Run: 20 minutes, 1.78 miles

Treadmill running isn’t my jam. In a crunch, I’ll endure it, but I would really rather not.

This was no different, and I had a hard time getting comfortable. Even one of the volunteers commented that I looked stressed.

We really had a beautiful view, so I tried to focus on my music and the river.

After a while, my right leg started to feel a bit achy. It has been bugging me rather regularly, but the treadmill was just exacerbating the feeling. My strategy was “slow and steady” and, since run/walk intervals are pretty complicated to manage on the treadmill, I ran all but one minute of the 20. Granted, it was nothing epic, but it was an accomplishment for me, nonetheless.

I felt really good when it was all done. I was incredibly pleased with my swim, happy with my run, and while my run wasn’t great on this day, I am confident enough that I can get it done.

This was a fantastic opportunity and the perfect way to get my feet wet (literally) in the sport of triathlon. I still have a little work to do in advance of the big day, but I think I have a pretty solid handle on everything.

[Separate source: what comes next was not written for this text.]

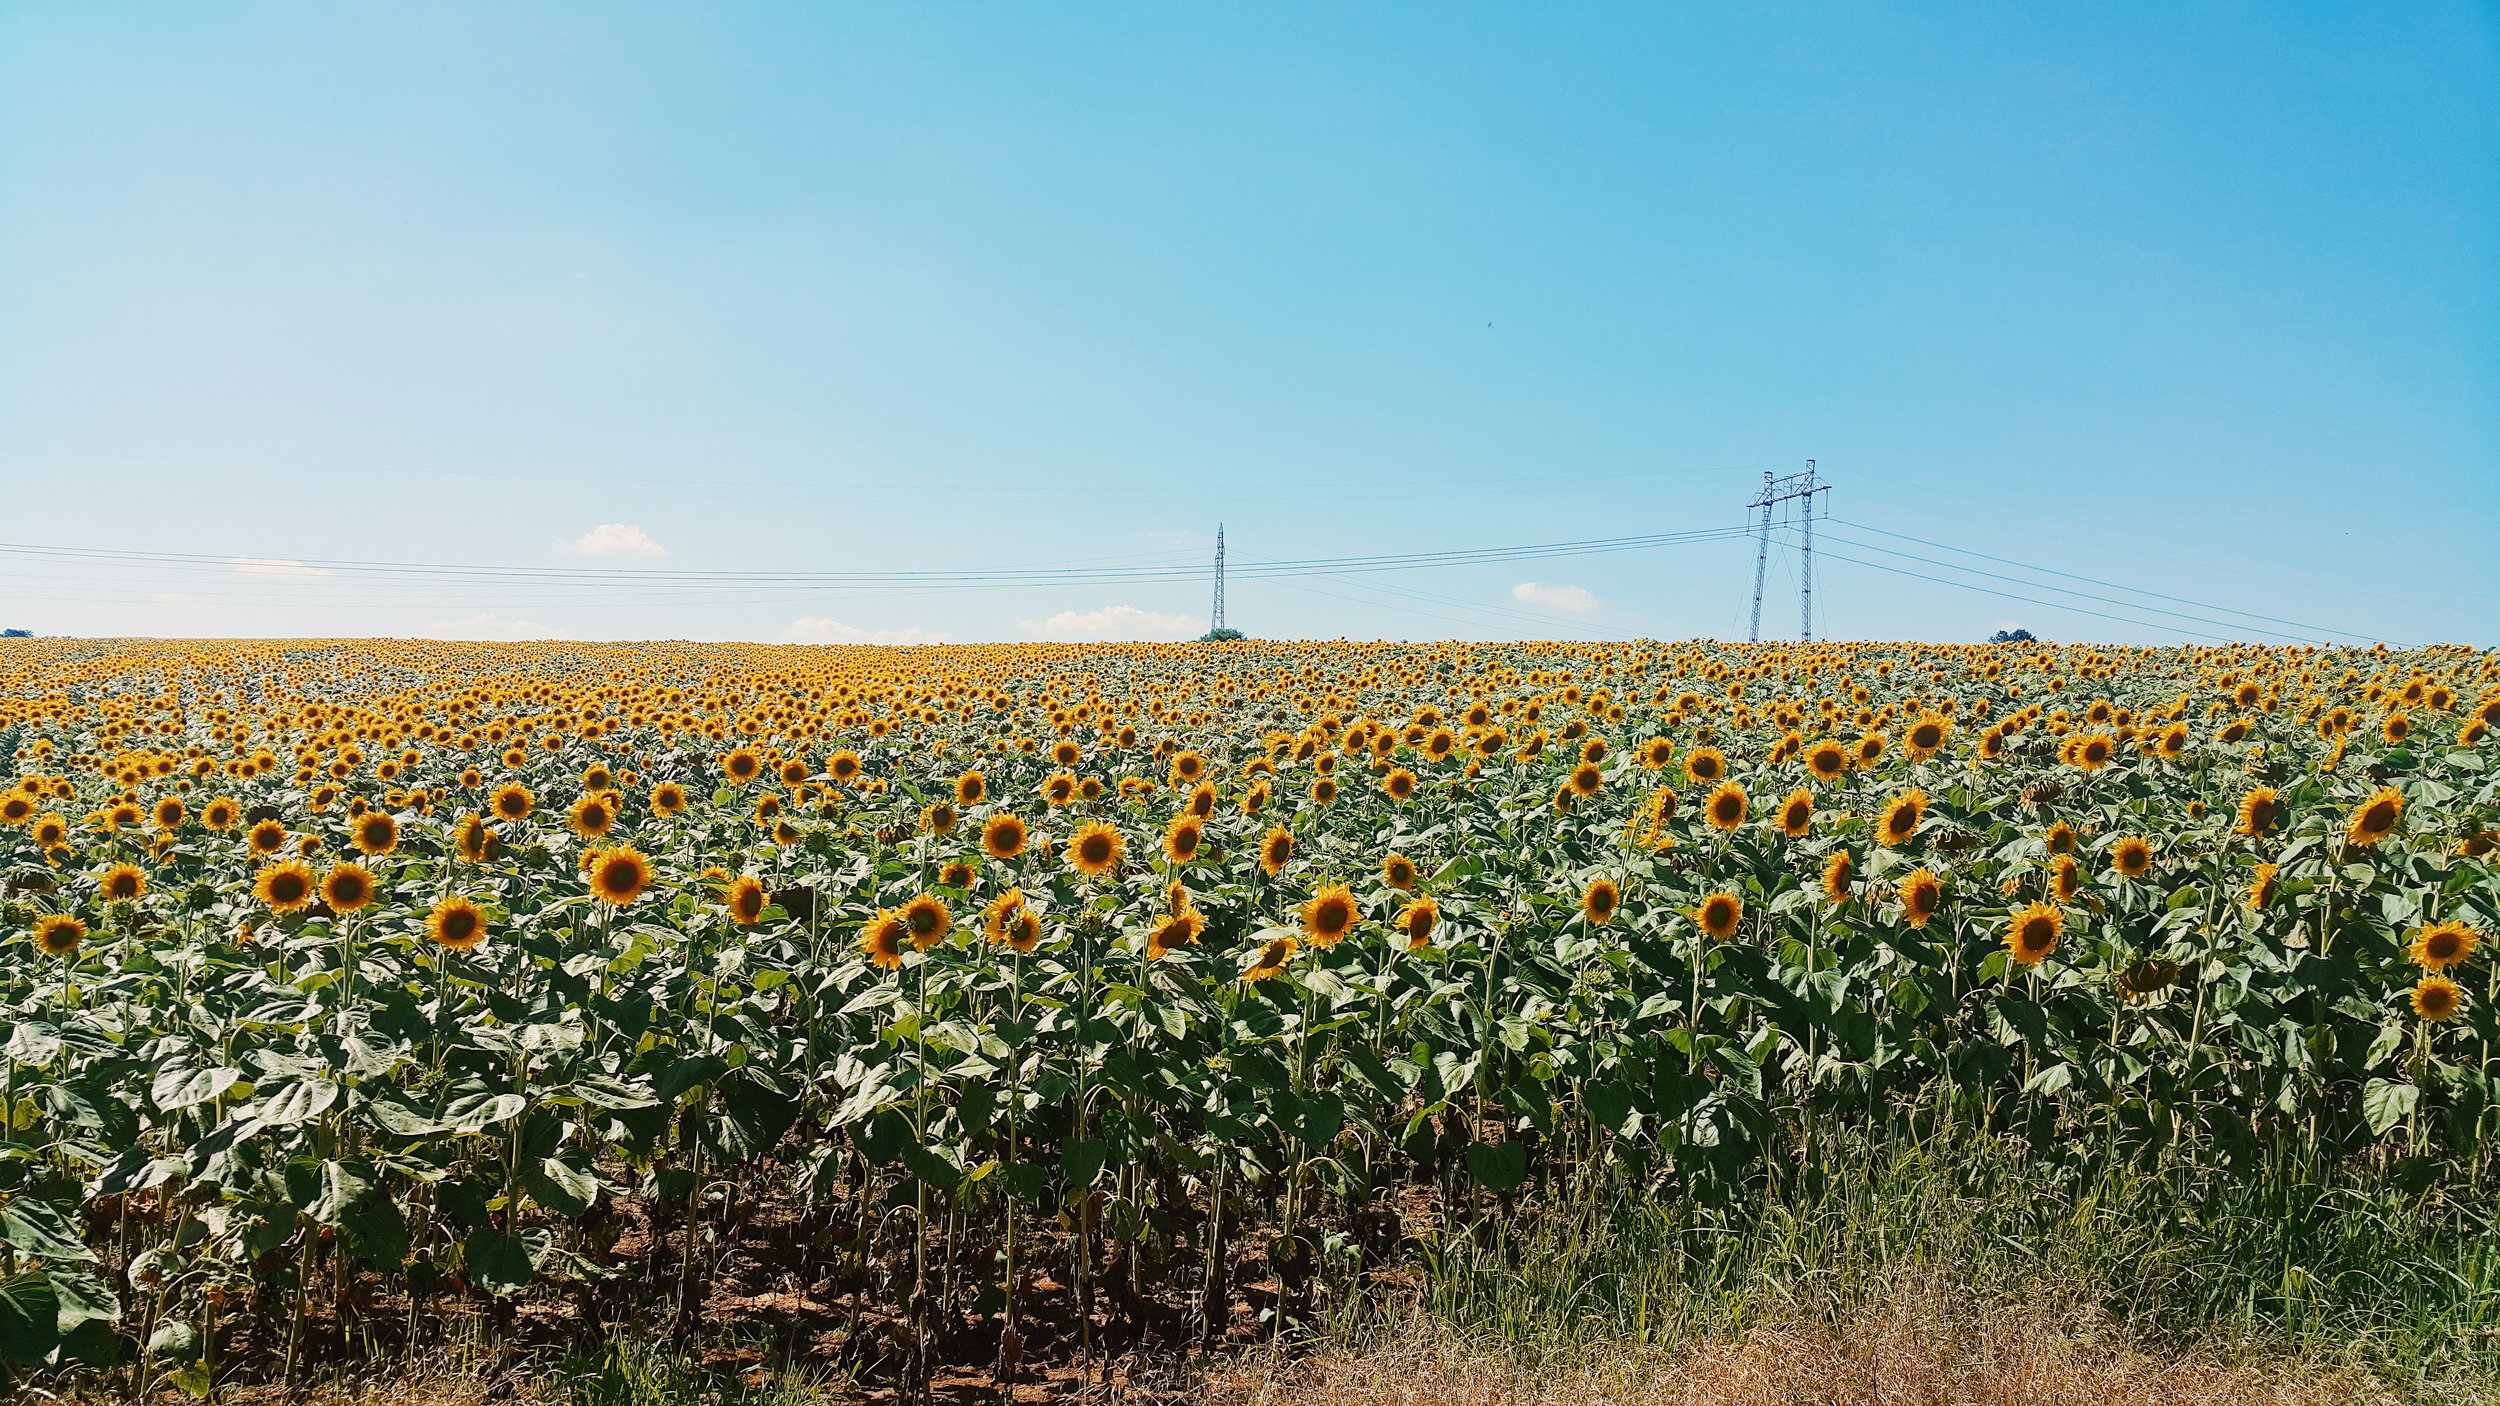 A sunflower field in Lukovit, Bulgaria
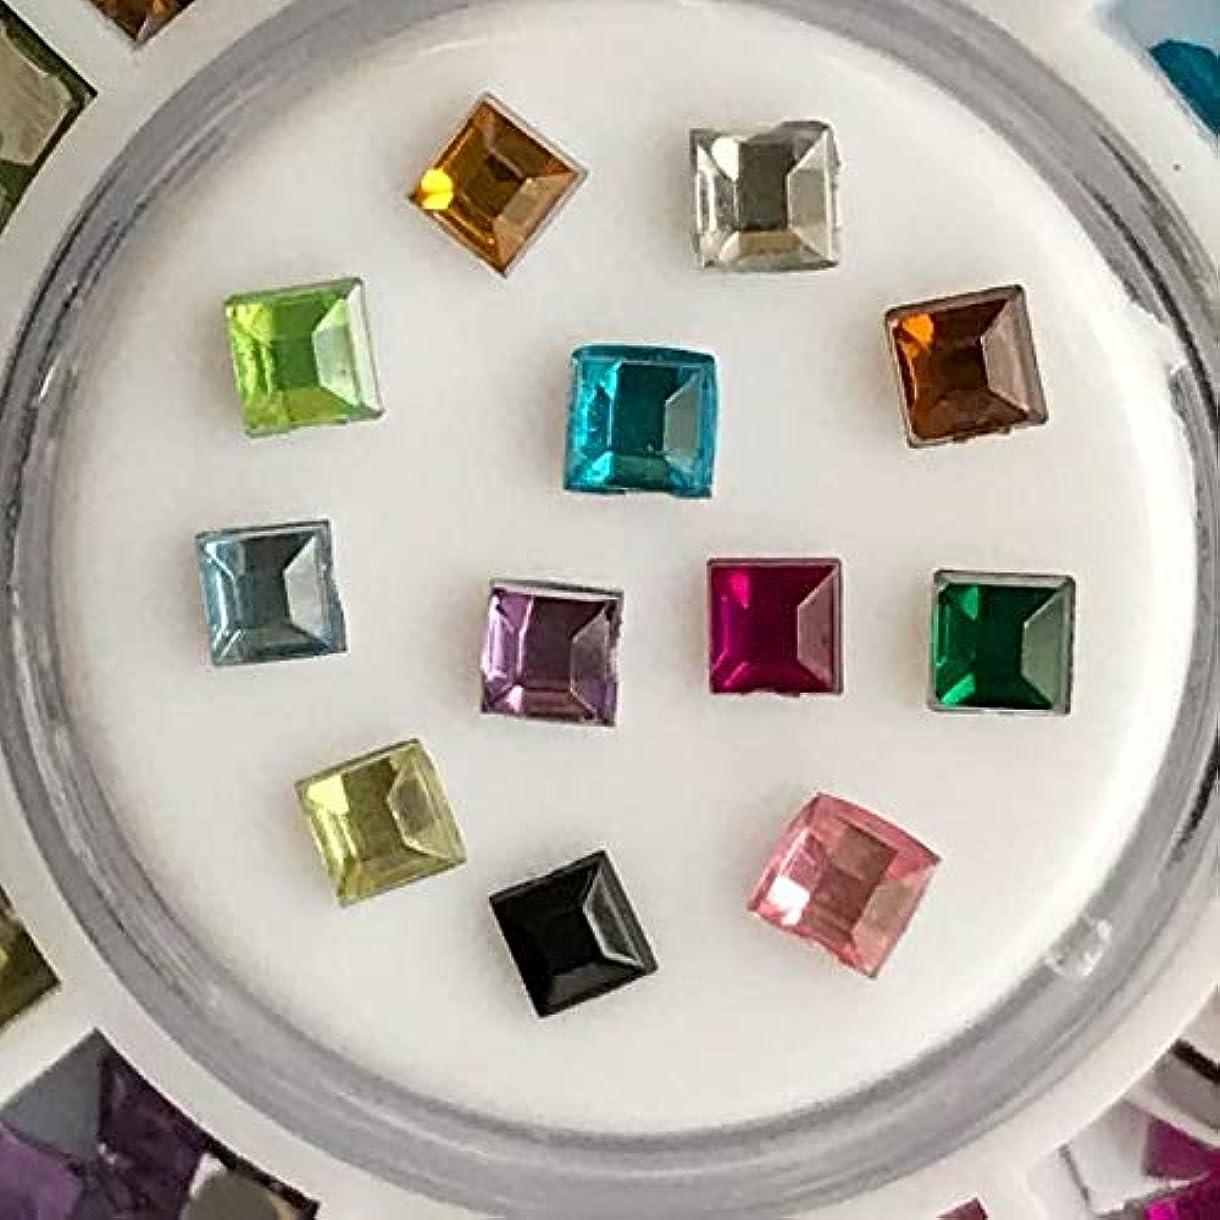 モルヒネ前提マーキーアクリルラインストーン12色セットネイル用DIYアクセサリーハンドメイド素材パーツ (スクエア四角形)

My plan is continue to work on ride/run bricks throughout the week, and hit a few more targeted workouts in the pool. On no training at all, my swim felt good, so it shouldn’t take me too long to achieve a bit more strength and endurance. The swimsuit worked out great and while I hate the idea of being wet while I ride and run, that’s just part of the sport. I have to add a sports bra under the suit for a little extra support, but that won’t be a big deal.

Let’s keep our fingers crossed that all goes well.

Have you ever done an indoor triathlon?

What’s your strongest discipline: swimming, cycling or running?